**** EXCERPTED RECORDS ****

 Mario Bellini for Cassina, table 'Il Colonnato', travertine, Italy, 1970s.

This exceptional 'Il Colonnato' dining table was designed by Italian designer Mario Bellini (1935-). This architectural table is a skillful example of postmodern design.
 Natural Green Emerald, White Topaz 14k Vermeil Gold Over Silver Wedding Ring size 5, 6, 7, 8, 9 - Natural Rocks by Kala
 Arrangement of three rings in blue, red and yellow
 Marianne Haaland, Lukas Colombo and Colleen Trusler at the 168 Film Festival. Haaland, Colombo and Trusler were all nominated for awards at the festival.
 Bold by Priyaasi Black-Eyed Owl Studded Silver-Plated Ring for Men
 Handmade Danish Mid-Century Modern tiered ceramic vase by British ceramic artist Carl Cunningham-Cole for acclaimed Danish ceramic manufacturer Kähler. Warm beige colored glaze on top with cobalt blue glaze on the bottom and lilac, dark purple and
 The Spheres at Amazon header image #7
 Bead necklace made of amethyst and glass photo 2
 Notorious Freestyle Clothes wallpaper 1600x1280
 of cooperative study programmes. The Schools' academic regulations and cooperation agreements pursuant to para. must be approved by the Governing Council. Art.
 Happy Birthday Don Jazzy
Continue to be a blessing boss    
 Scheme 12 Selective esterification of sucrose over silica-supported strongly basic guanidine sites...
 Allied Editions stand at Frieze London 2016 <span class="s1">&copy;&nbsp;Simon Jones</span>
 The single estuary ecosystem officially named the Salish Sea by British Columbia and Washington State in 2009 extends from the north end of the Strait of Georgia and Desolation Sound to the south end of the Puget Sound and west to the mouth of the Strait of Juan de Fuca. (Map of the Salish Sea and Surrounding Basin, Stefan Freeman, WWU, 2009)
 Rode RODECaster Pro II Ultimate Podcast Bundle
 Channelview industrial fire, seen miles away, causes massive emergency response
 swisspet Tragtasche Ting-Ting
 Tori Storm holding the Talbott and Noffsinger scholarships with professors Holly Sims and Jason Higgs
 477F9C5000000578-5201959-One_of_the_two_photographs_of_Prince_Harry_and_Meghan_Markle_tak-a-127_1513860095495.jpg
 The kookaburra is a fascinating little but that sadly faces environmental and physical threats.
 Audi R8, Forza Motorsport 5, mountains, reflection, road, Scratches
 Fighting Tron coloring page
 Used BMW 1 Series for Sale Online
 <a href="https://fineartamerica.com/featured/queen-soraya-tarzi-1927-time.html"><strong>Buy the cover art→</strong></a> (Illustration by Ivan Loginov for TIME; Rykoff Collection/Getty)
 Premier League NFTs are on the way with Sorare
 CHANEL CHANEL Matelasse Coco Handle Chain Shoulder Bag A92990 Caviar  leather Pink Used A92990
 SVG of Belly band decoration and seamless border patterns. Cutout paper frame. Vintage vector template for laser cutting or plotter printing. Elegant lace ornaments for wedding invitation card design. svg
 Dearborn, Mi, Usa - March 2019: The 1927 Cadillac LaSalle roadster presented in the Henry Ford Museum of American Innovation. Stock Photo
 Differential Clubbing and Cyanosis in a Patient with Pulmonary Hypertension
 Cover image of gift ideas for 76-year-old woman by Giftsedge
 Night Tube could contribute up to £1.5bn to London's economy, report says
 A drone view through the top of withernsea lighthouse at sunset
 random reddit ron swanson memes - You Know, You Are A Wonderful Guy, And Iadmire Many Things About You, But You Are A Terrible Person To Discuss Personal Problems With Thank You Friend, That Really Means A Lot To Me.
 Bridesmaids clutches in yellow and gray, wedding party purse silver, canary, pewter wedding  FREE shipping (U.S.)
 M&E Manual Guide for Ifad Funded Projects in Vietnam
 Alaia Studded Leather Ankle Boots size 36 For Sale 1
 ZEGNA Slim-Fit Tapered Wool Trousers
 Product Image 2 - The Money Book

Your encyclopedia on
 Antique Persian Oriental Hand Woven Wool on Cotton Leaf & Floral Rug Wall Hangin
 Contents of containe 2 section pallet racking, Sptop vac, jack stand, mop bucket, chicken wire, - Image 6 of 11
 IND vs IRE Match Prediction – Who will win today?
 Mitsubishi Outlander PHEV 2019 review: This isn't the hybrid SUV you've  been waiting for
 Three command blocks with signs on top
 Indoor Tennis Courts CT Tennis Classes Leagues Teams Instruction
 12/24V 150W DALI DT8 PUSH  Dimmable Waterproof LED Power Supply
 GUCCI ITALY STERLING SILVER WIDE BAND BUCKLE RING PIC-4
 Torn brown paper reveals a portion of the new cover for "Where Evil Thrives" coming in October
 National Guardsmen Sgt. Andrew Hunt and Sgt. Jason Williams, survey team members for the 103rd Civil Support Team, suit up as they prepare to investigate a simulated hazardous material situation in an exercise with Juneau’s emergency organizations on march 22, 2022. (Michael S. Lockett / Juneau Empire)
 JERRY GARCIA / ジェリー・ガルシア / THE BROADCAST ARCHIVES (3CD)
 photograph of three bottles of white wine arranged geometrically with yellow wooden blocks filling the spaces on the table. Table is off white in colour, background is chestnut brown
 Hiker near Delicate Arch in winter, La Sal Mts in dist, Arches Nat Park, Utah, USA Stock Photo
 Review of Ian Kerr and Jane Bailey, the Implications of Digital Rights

****

**REQUIRED WORK**
Please return every line of the material above that includes "blocks".

**EXERCISE OUTPUT**
 Three command blocks with signs on top
 photograph of three bottles of white wine arranged geometrically with yellow wooden blocks filling the spaces on the table. Table is off white in colour, background is chestnut brown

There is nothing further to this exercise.